Task goal.
Look through the records, and whenever a line includes the word "Royal", copy it.

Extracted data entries
□ □ □ □
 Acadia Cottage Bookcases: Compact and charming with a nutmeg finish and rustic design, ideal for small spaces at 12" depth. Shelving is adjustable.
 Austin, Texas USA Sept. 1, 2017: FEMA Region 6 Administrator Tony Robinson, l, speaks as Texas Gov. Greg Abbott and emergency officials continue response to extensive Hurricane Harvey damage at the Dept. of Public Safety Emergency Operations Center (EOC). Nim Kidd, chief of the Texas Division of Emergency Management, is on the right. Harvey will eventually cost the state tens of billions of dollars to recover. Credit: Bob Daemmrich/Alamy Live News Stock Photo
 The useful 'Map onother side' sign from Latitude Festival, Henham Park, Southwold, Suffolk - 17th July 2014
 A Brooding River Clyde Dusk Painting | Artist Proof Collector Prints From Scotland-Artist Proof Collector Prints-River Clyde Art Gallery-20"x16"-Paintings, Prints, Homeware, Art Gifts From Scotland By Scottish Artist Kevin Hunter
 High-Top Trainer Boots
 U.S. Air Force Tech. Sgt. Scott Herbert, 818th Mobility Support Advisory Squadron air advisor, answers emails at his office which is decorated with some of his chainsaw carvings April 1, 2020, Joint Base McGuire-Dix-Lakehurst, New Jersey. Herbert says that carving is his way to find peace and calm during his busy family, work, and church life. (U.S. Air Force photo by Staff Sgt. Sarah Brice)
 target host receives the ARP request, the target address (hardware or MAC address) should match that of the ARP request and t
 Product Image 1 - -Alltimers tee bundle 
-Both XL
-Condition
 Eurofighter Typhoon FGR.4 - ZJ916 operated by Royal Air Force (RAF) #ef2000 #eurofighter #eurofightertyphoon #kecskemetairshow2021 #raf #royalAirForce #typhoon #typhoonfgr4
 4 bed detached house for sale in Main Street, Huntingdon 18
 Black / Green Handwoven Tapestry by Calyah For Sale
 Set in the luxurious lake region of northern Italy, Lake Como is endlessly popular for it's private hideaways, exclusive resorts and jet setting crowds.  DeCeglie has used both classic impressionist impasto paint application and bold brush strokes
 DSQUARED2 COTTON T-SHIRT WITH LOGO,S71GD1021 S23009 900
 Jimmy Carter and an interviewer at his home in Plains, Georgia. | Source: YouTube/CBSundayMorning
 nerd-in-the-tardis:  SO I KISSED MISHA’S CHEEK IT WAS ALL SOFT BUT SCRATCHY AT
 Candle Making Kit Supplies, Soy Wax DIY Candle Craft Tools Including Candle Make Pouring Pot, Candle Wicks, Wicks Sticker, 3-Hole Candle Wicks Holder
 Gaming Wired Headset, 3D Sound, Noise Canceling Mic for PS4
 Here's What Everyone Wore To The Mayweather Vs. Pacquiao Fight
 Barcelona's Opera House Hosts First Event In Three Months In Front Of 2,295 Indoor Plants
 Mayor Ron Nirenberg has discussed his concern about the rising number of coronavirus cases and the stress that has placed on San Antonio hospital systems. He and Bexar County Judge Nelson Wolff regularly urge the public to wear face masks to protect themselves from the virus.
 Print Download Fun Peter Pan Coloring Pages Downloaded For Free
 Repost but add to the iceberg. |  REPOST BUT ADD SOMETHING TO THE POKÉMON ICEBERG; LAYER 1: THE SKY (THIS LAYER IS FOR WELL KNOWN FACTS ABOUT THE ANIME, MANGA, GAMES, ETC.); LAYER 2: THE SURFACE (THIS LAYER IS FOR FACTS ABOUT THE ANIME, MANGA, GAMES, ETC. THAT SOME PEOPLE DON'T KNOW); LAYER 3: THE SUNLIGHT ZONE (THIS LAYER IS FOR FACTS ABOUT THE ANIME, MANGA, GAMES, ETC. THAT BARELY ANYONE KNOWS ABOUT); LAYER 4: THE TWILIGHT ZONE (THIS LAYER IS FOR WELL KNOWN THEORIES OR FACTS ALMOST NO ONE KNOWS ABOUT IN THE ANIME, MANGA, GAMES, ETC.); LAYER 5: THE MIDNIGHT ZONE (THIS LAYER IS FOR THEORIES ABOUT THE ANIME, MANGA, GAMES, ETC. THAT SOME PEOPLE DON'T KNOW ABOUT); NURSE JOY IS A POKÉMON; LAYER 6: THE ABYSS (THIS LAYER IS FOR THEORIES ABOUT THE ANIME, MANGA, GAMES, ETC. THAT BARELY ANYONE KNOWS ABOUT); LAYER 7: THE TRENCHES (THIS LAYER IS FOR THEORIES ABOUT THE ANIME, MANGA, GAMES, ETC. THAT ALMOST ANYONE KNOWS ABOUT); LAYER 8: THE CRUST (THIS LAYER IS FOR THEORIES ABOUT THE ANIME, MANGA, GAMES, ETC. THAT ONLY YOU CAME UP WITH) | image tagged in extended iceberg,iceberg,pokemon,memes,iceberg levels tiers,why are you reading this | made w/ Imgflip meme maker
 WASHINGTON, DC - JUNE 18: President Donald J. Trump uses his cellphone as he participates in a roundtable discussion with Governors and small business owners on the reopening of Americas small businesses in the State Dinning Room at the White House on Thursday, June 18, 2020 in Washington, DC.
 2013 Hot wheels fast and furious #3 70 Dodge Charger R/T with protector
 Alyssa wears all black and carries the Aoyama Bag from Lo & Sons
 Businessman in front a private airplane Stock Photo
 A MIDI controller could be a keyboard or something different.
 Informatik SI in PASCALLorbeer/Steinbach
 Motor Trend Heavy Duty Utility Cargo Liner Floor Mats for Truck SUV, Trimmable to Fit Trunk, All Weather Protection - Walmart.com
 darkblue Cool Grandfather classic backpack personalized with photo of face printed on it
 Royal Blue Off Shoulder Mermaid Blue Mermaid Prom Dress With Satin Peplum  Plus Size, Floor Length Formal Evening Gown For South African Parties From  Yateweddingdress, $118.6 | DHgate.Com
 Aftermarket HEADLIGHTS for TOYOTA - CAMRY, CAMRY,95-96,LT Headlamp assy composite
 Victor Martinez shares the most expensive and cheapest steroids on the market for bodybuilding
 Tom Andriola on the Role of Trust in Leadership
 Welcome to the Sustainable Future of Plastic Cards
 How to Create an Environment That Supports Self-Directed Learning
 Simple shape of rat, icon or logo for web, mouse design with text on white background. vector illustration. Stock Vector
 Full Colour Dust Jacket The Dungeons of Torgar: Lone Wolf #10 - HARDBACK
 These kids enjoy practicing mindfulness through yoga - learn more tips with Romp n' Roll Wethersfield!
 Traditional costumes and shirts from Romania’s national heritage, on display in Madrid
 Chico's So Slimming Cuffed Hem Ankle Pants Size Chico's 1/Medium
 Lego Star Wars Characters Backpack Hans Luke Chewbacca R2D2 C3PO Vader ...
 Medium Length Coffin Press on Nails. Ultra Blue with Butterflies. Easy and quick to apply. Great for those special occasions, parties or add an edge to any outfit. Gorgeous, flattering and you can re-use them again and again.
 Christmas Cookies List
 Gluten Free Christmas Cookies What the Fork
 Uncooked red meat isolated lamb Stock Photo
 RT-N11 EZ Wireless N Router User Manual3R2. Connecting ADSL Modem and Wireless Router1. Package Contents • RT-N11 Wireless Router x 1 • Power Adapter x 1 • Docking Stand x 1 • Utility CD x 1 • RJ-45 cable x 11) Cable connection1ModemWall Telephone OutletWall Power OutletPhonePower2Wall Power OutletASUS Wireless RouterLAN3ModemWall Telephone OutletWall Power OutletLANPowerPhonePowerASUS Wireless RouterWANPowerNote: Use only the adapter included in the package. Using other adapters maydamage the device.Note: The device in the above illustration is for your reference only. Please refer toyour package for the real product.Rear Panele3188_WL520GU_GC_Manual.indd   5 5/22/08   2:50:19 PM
□ □ □ □
Result of this task.
 Eurofighter Typhoon FGR.4 - ZJ916 operated by Royal Air Force (RAF) #ef2000 #eurofighter #eurofightertyphoon #kecskemetairshow2021 #raf #royalAirForce #typhoon #typhoonfgr4
 Royal Blue Off Shoulder Mermaid Blue Mermaid Prom Dress With Satin Peplum  Plus Size, Floor Length Formal Evening Gown For South African Parties From  Yateweddingdress, $118.6 | DHgate.Com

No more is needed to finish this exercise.